Supporting someone with diabetes burnout
Sometimes the relentlessness of living with diabetes can become too much. They may start to feel like they’re failing in looking after their diabetes. This is called diabetes burnout, which is different to depression.
They may stop looking after themselves or their diabetes. Do ask what you can do to help. This may include speaking to their diabetes healthcare team with them. You could ask if they can be referred to a counsellor. Find out more about diabetes burnout and what can help.

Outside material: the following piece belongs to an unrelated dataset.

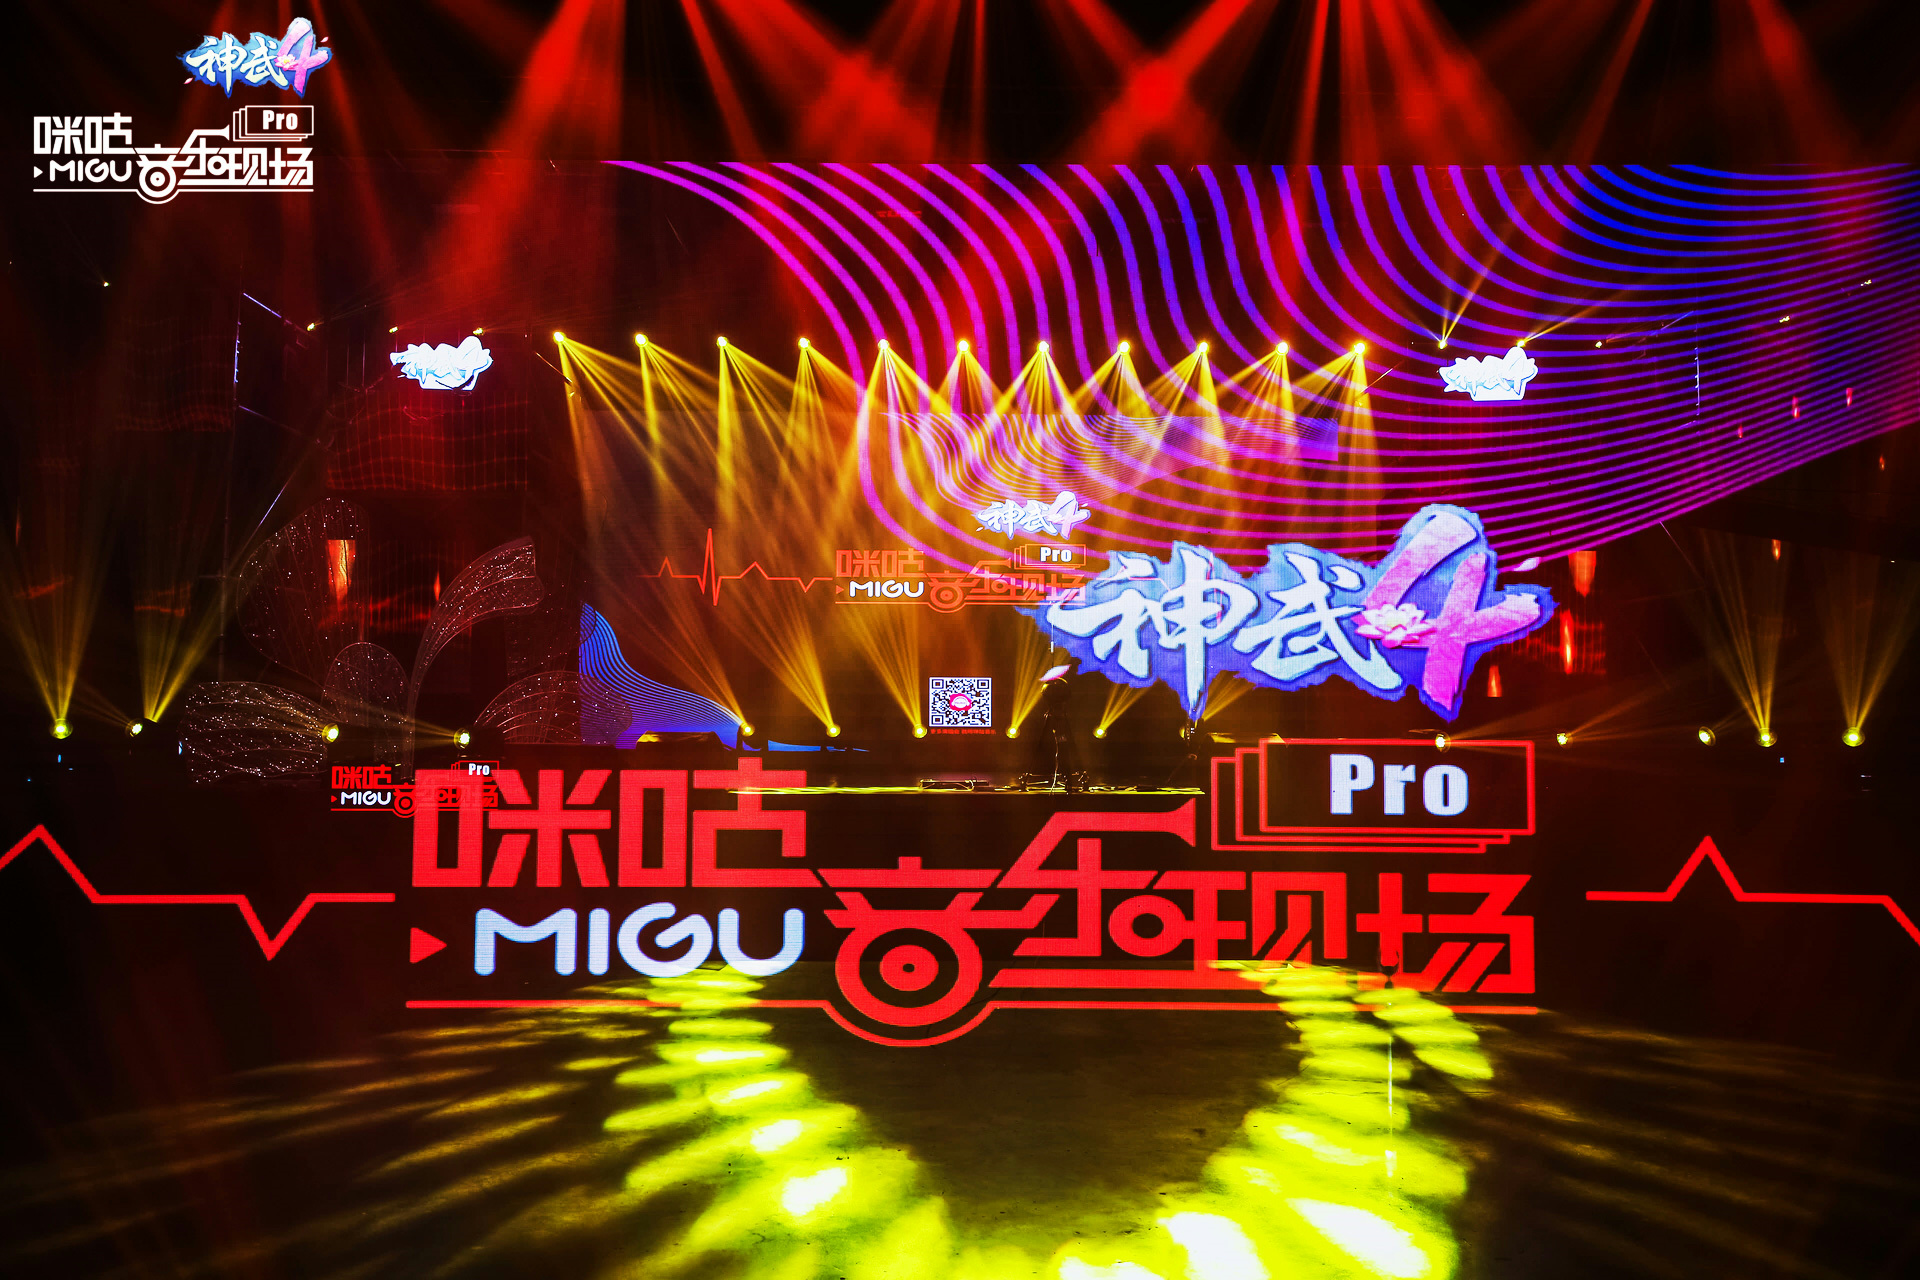 5G+VR沉浸式体验 《神武4》携手咪咕音乐举办首场线上音乐会
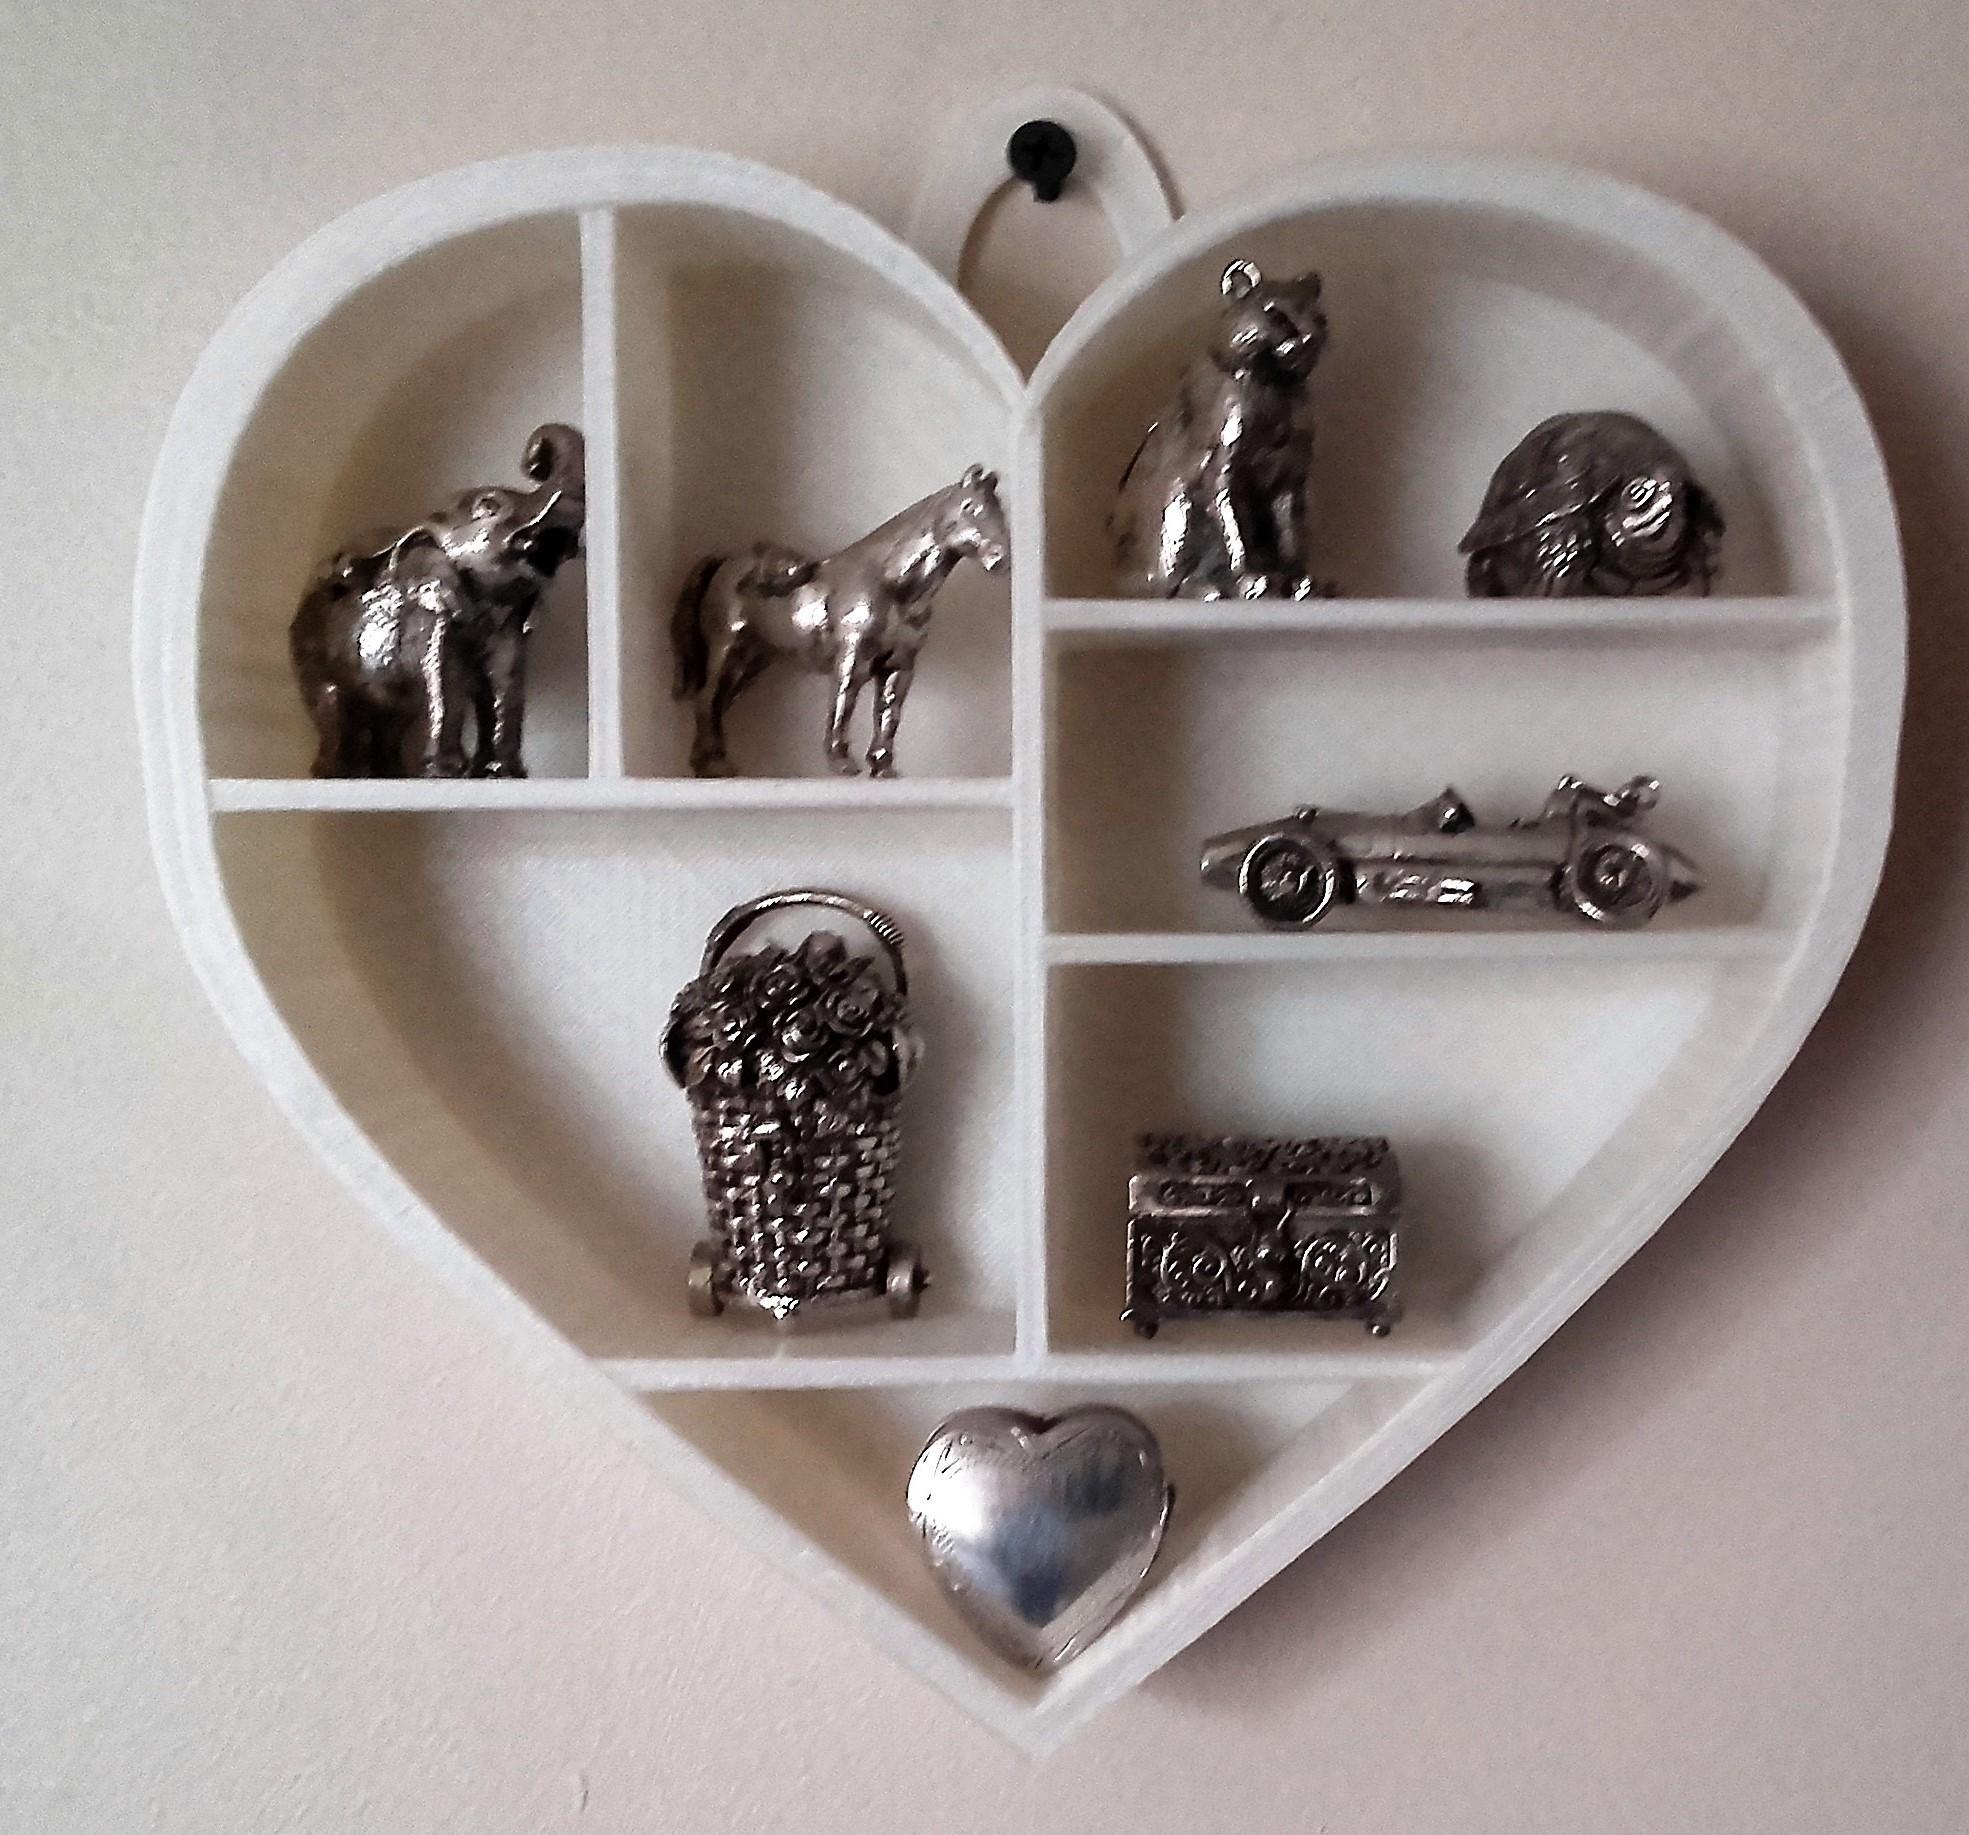 20170305_112722.jpg Download STL file Heart shelf • 3D printing model, catf3d

Supporting people with more complex emotional problems
Some people with type 1 diabetes can develop an eating disorder called diabulimia. Find out the signs of diabulimia and how to support them.
If someone has serious mental health problems the diabetes healthcare team can't help with, make an appointment for them with the GP and go with them. You can ask for a referral to mental health services. Or you can help them self-refer — see below. This option is not available in Northern Ireland.
If you're in England, you can self-refer to IAPT.
If you're in Scotland, you can self-refer to Living Life.
If you're in Wales, you can self-refer to an online CBT course called Silvercloud.